Monday, January 22, 2018

Urban peregrines 4 - reaching for the heavens

Whatever your views on religion you can't deny that some of the best buildings in our cities are places of worship.  After snapping the peregrines in town I spent a few more early weekend mornings a bit further out of the centre gazing up at the architecture of a church. 

I had high hopes, some nice ornamentation (ok I'm no architectural photographer)

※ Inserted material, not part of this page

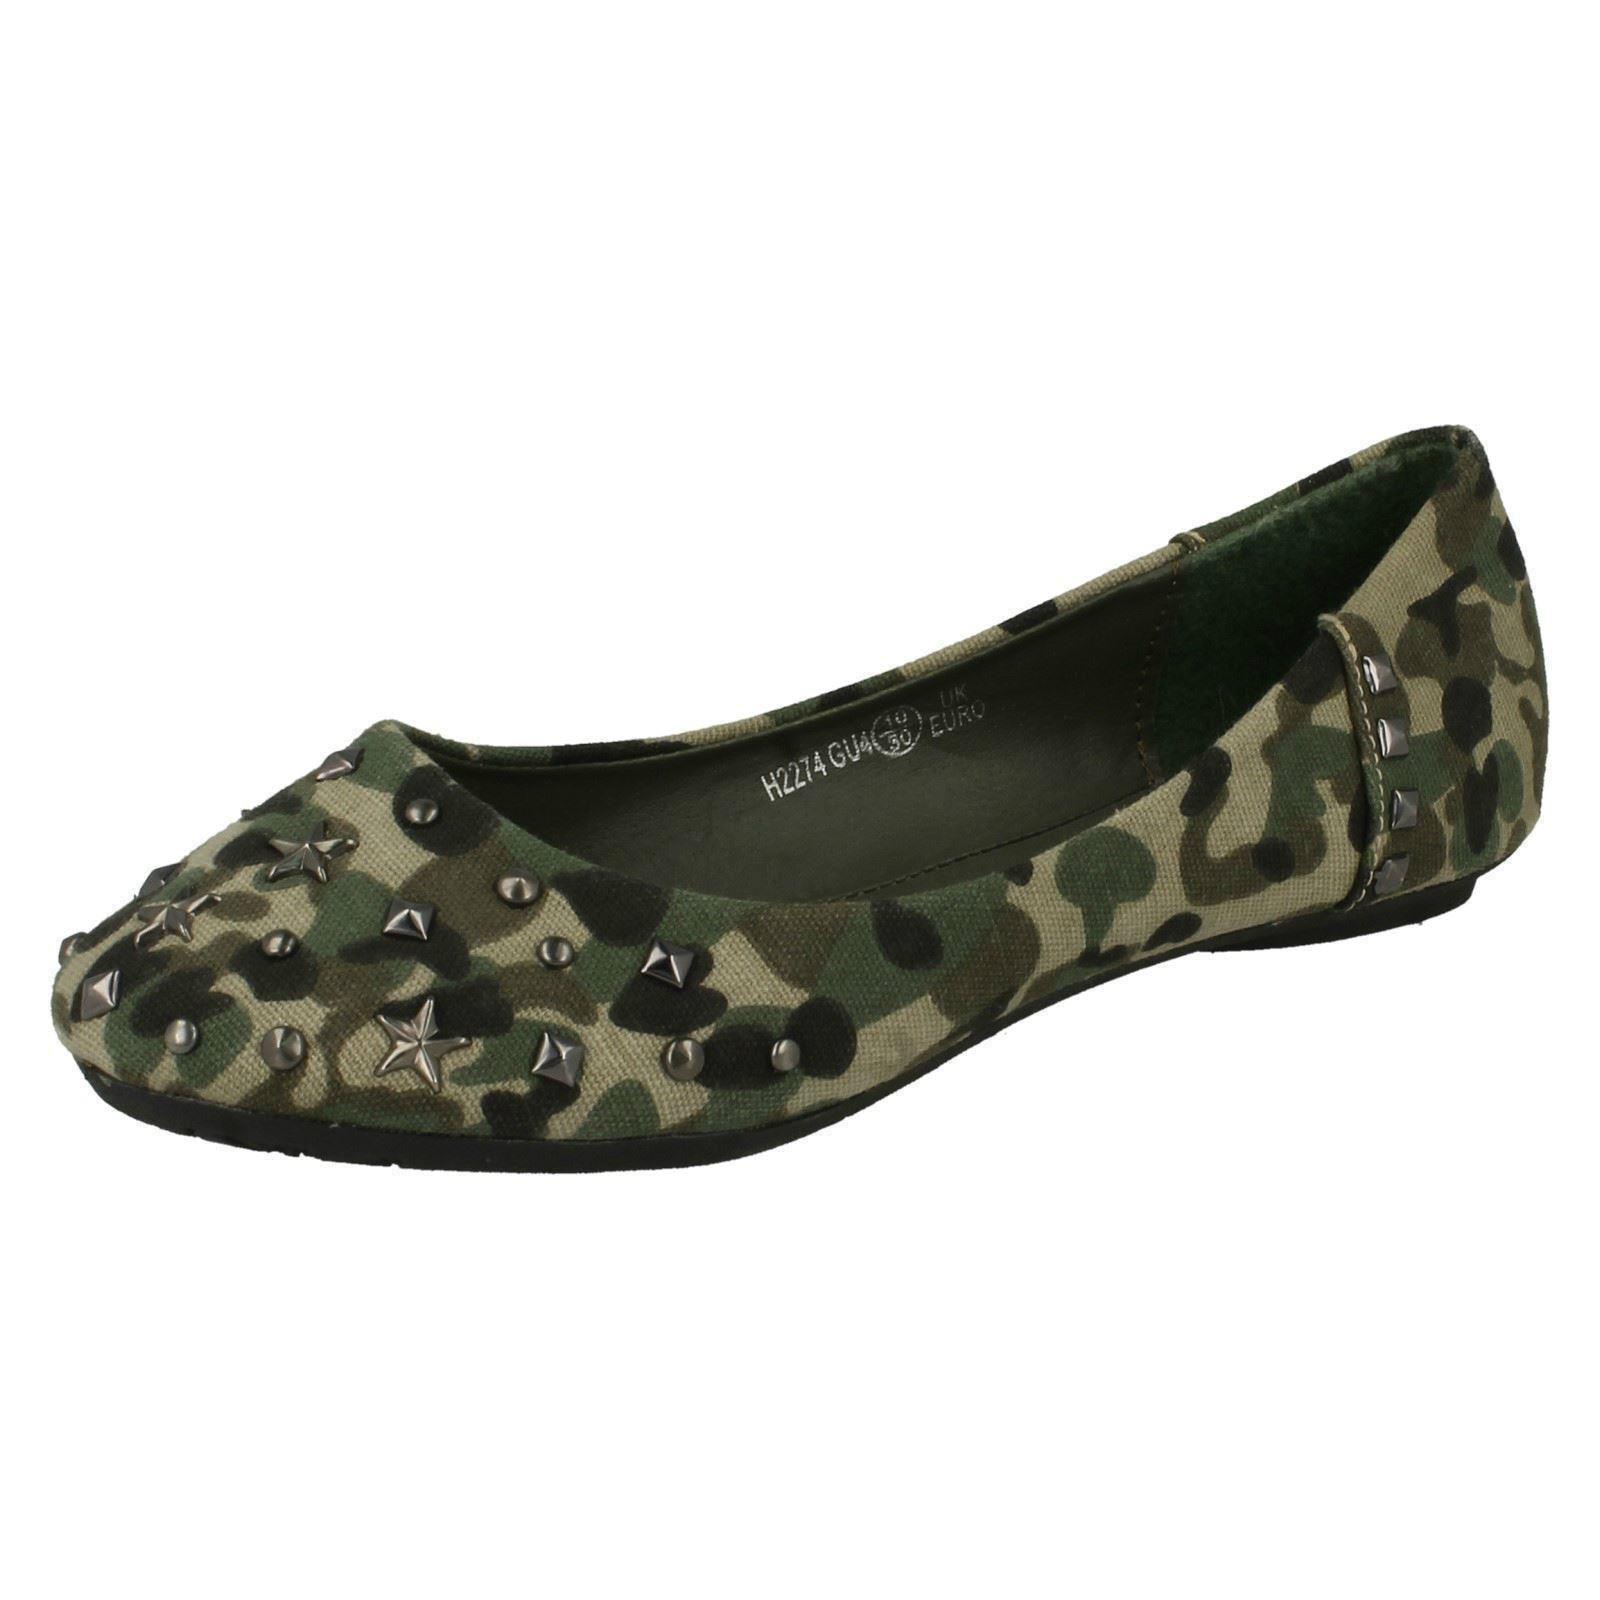 Chicas Bailarina Zapatos informales de punto en H2274

and although the stone changed colour quite dramatically depending on the light

the potential was there.

It was frustrating though that the target of my visits avoided the gargoyles and more ornate carvings, choosing the very top of the spire.  It felt more like an astrophotography set up,

but I had a few visits and one or two were in the light.  Given the distance to the birds I suppose they aren't too bad, but they came in fast and I never caught a landing shot.  No feeding here either.

The last was another play with silver efex pro - with a featureless grey sky it made sense to try black and white.  Looks a bit better in a bigger size.

Monday, January 15, 2018

Urban peregrines 3

In all I made about half a dozen trips to see these peregrines, and thoroughly enjoyed the experience. By 9 a.m. the light was bright and contrasty so the time frame for snapping was limited to the first couple of hours after dawn, and of course there is no means to put the birds where you want them.  Bird seed of no help here.

I had some idea of the shots I'd like but getting something beyond a straight snap wasn't easy.

Ideally it would show a bit of behaviour - post-preen shake; flying with prey; landing with prey, already into a mantling posture; wiping the beak clean, a regular event after a feed; setting off on a hunt .......

This was maybe my favourite of the bird on a stick shots, even if it does resemble a raptor on a toilet cistern.  I just like the urban decay element and the dappled light. Looks better in a bigger size.

For flight shots I really wanted to show the urban environment, but the birds rarely came low so chances were few and I didn't really like any of the ones I got with buildings in the background.  The best were this couple with the cranes, although both needed cropping to cut out intrusive elements.

So, good fun, but no prize-winners.  However that wasn't the end of my urban peregrine 'project' for the summer, even if there still weren't any prize-winners to come!

Wednesday, January 10, 2018

Urban peregrines 2 - feed me!

Like any other raptor a well fed peregrine is happy to take it easy.  Why waste energy if you don't have to?  This means most of the year photography opportunities can be limited.  However when there are youngsters around the extra mouths to feed creates the chances to snap a bit more action.

I really hoped to get a chance to snap a food pass from adult to juvenile, but I saw only two.  One I picked up too late to get a focus, the other too far away really, but you get the idea from these highly cropped images

The youngster then flew off to the top ledge to enjoy the scraps it had been brought.

The adults main food cache was behind the buddleia rooted into the brickwork, and clearly it wasn't always that secure ......

Most of the time though the adults would fly in and enjoy a rather rushed chance for a snack


before one of the youngsters cottoned onto what was happening and paid a visit.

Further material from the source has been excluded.